## The task:
Skip the pictures and repeat each line of the data exactly.

## Source data:
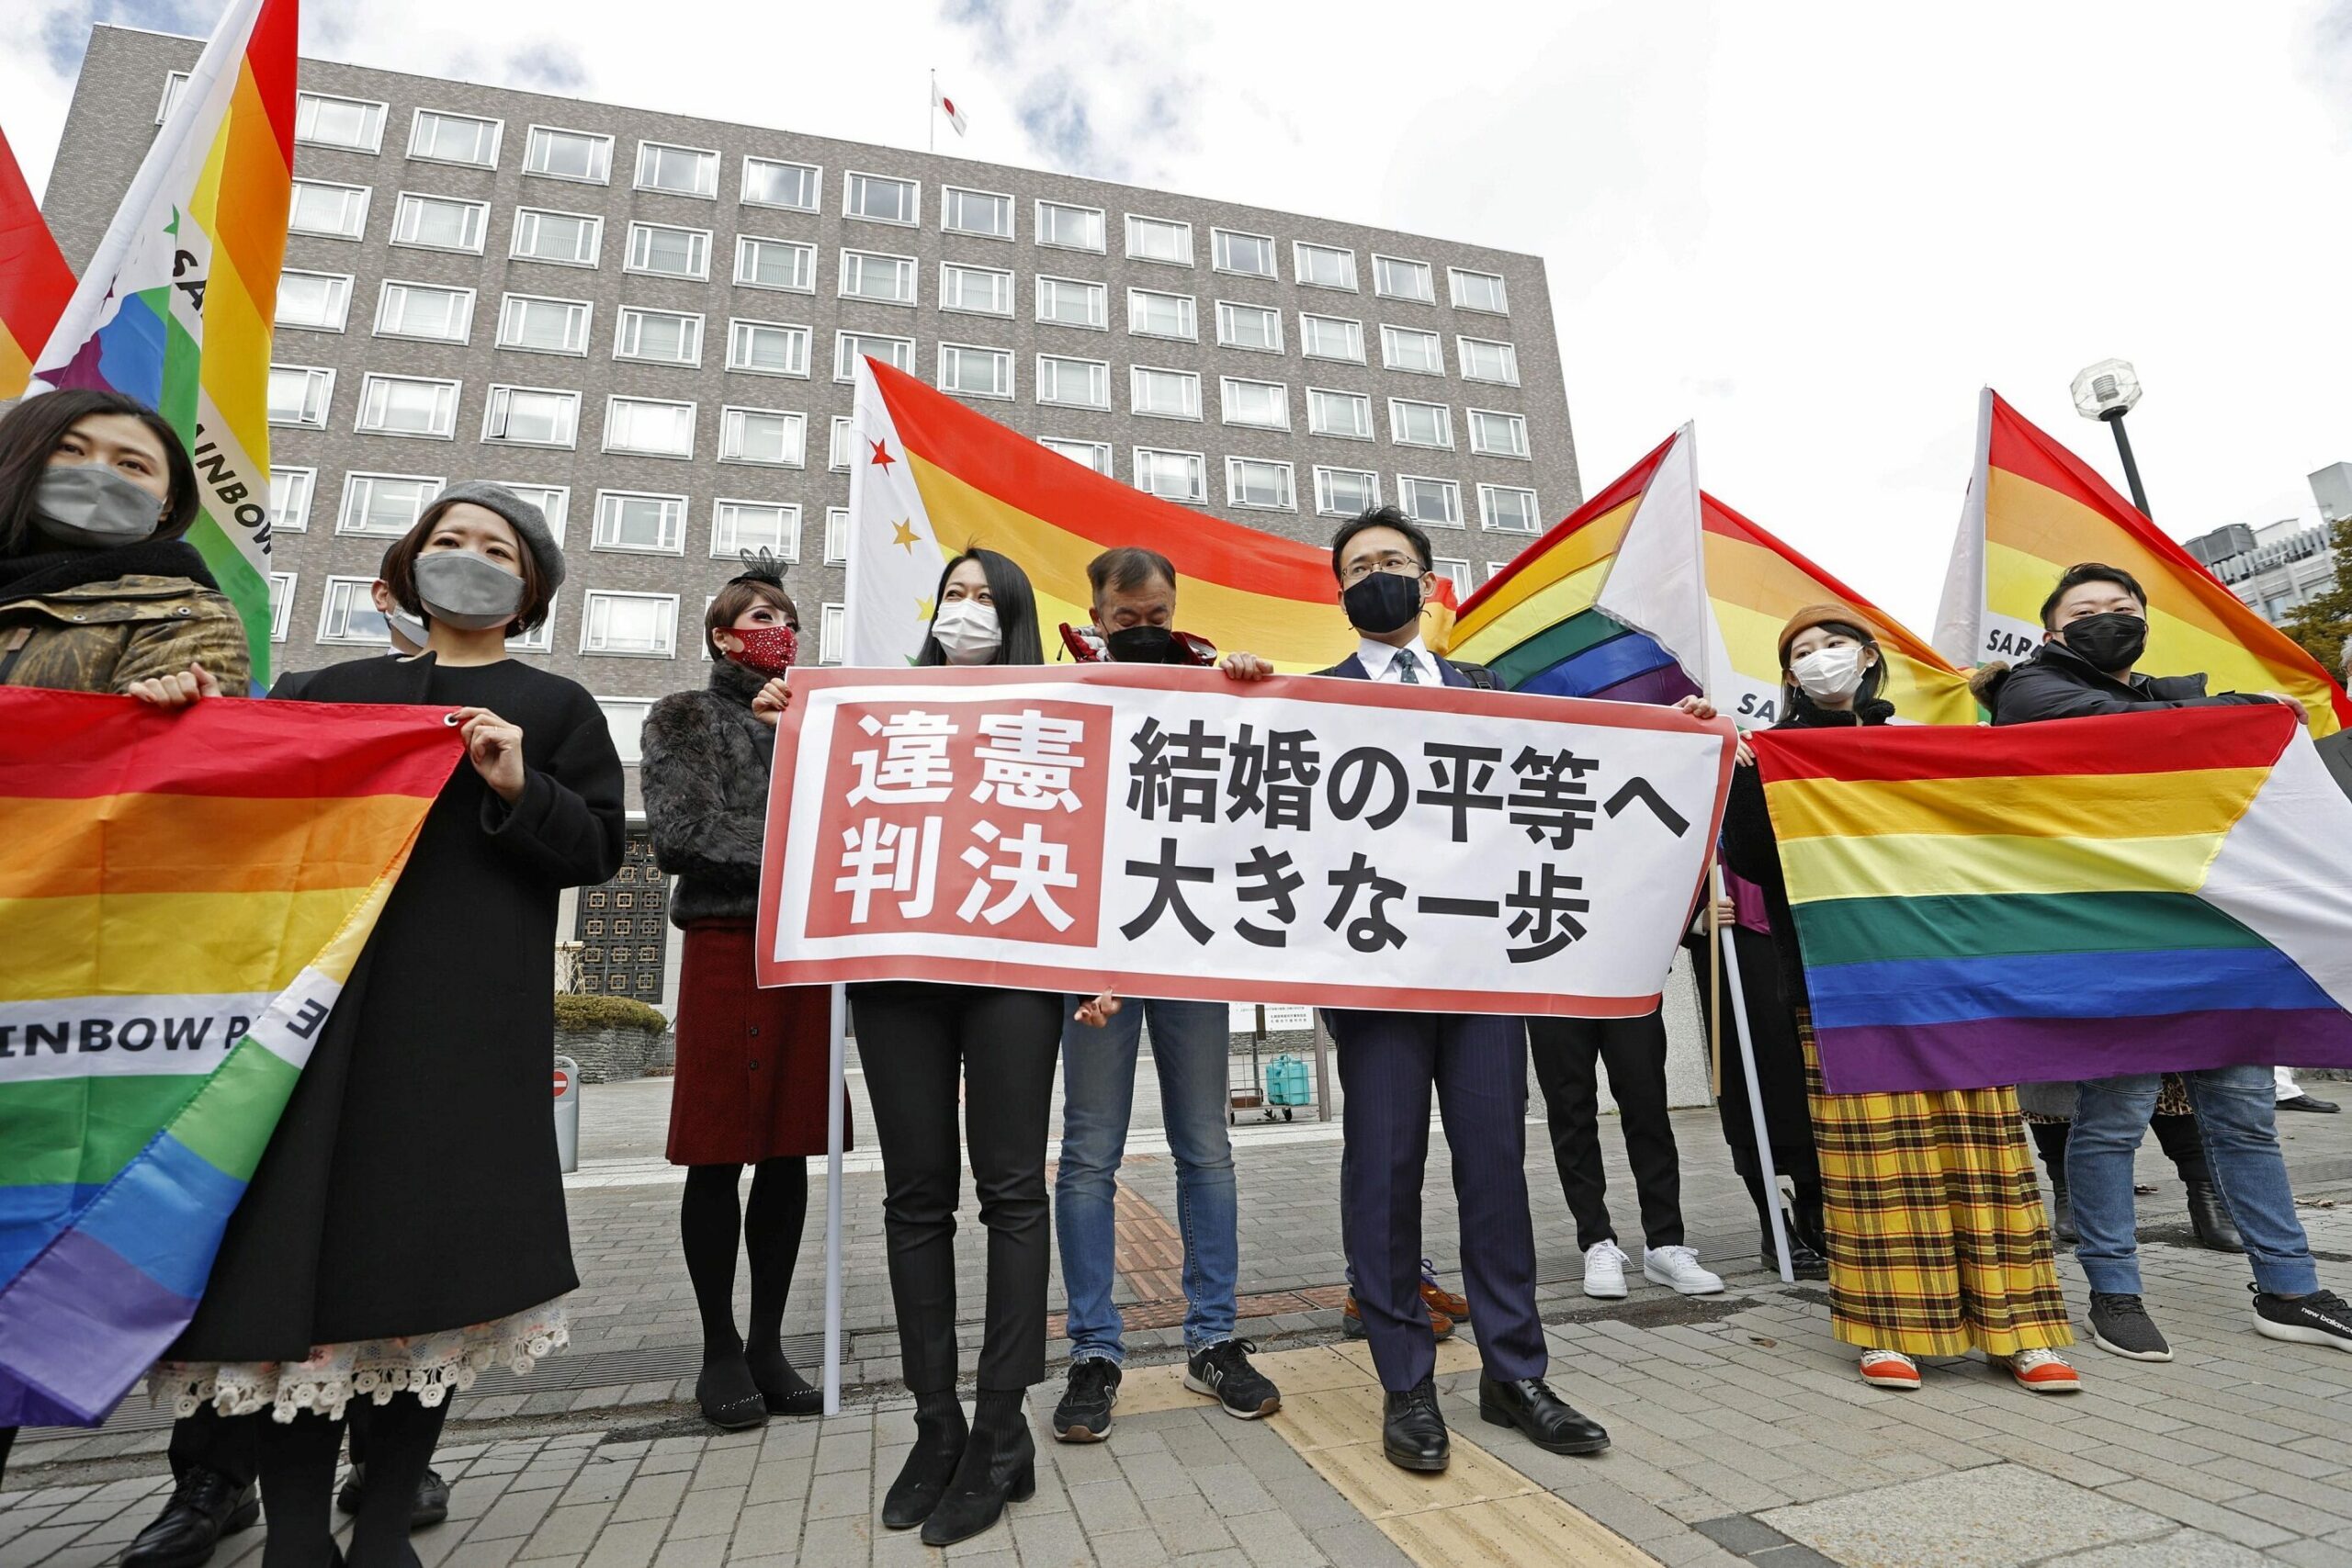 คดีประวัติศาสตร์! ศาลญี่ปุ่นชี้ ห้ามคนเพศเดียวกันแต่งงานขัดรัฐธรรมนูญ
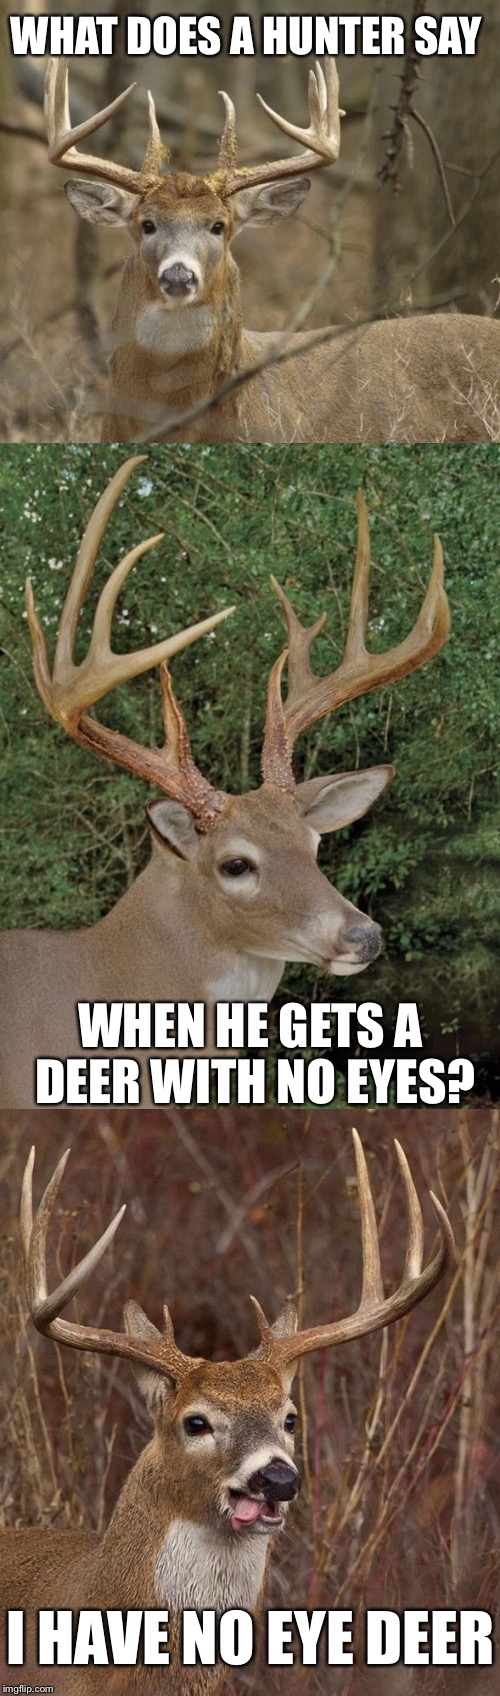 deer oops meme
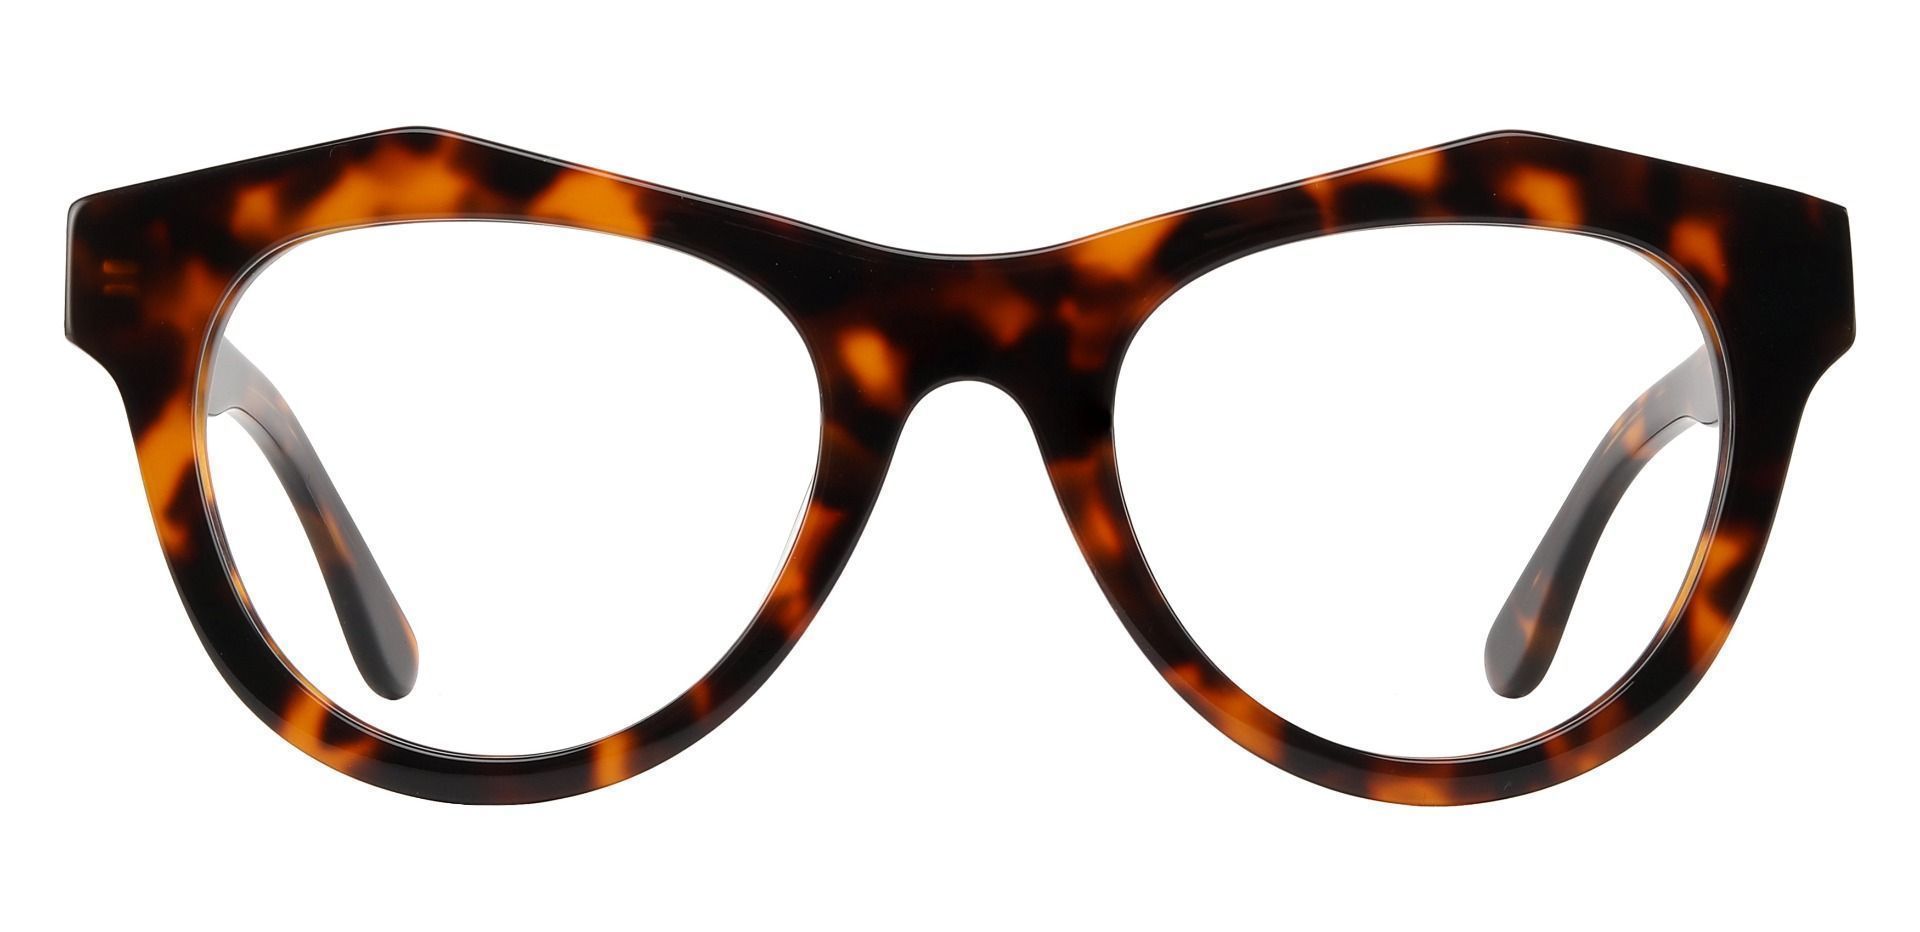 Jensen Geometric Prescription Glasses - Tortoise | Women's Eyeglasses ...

## Task output:
 คดีประวัติศาสตร์! ศาลญี่ปุ่นชี้ ห้ามคนเพศเดียวกันแต่งงานขัดรัฐธรรมนูญ
 deer oops meme
 Jensen Geometric Prescription Glasses - Tortoise | Women's Eyeglasses ...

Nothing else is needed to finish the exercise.